De forma análoga, Wagner e Adrian (2009) utilizando 30 anos de dados de um lago raso eutrófico (Lago Muggelse – Alemanha) objetivaram identificar os principais determinantes das florações de cianobactérias em períodos de estratificação termal, distinguindo entre a influência dos nutrientes e do clima. Quando o meio possuía concentrações de TP variando entre 70 a 215 mg.l-1, foi percebida uma forte probabilidade de dominância de cianobactérias induzida pelo clima, sendo que abaixo e acima deste limiar a probabilidade foi de zero e 80%.

Wu et al. (2013) perceberam uma tendência de aumento da temperatura do ar e intensidade dos episódios de precipitação para as últimas cinco décadas em Pequim (China), sendo neste período notada uma piora na qualidade da água de 4 lagos e reservatórios eutróficos na região. Os autores realizaram análises em curto prazo relacionando variações de parâmetros

meteorológicos e de qualidade da água, e nestas apenas os ambientes eutróficos apresentaram variações consideradas significativas (p < 0,05).

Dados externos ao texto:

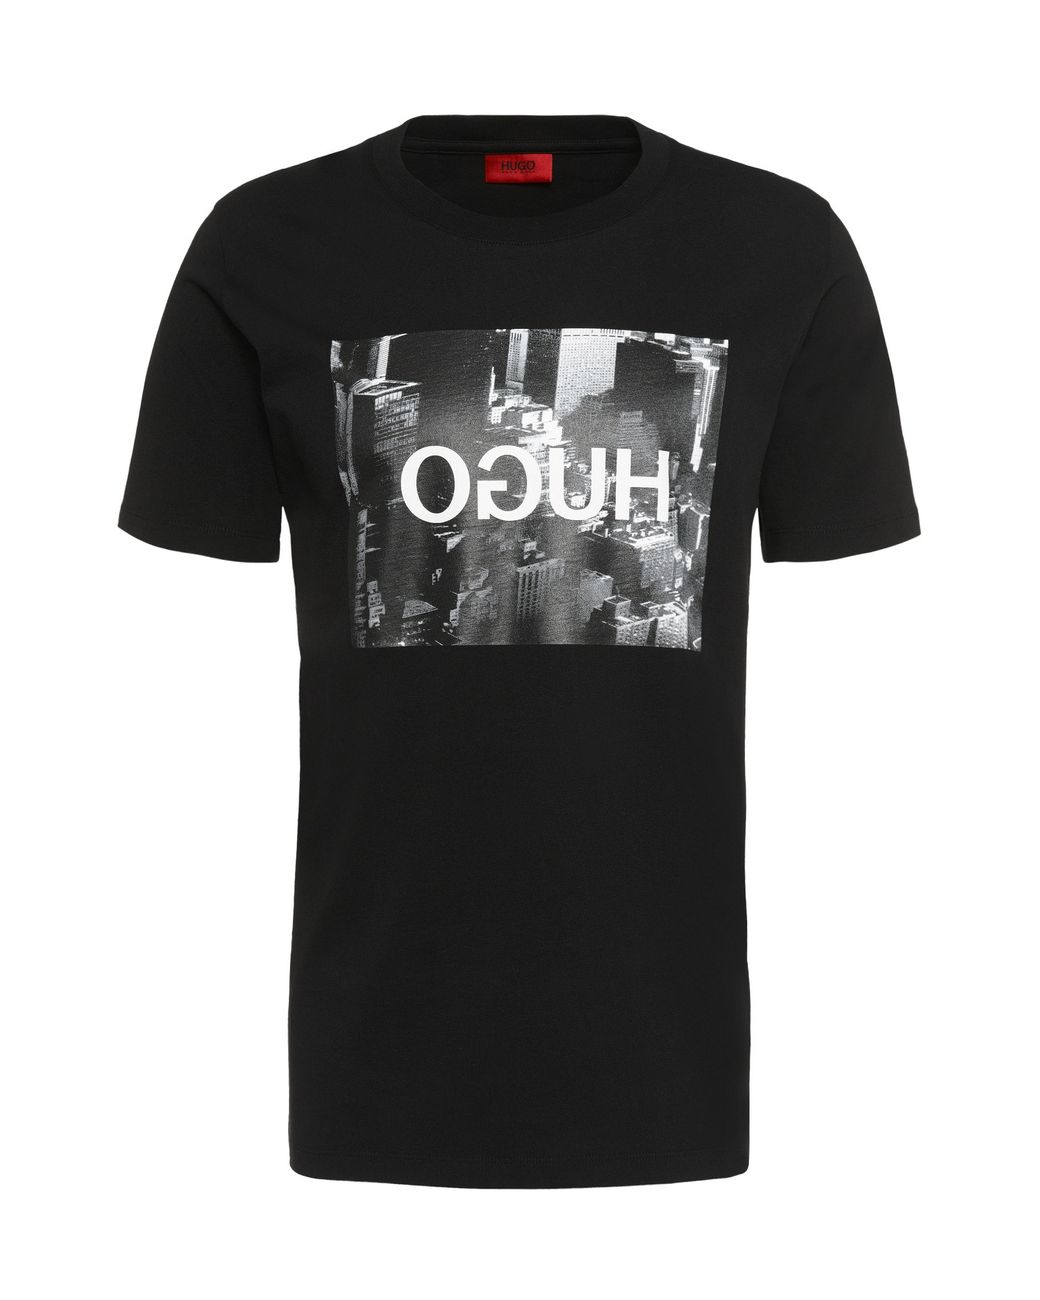 HUGO By Boss T-shirt With Oguh Print In Black for Men | Lyst UK

Ambientes eutróficos apresentam maior turbidez e menor penetração da luz da coluna d’água, entretanto Brighenti (2012) observou que no Parque Estadual do Rio Doce (MG) um lago com águas claras se mostrou mais sensível às mudanças na pluviosidade e temperatura do que outro com águas escuras e ricas em matéria orgânica dissolvida colorida. Lagos escuros decompõem mais a radiação solar que chega à superfície, possuindo águas mais frias que os mais claros, já os lagos mais claros possuem penetração mais profunda da radiação solar, sendo consequentemente mais sensíveis às variações no clima (ESTEVES, 1998).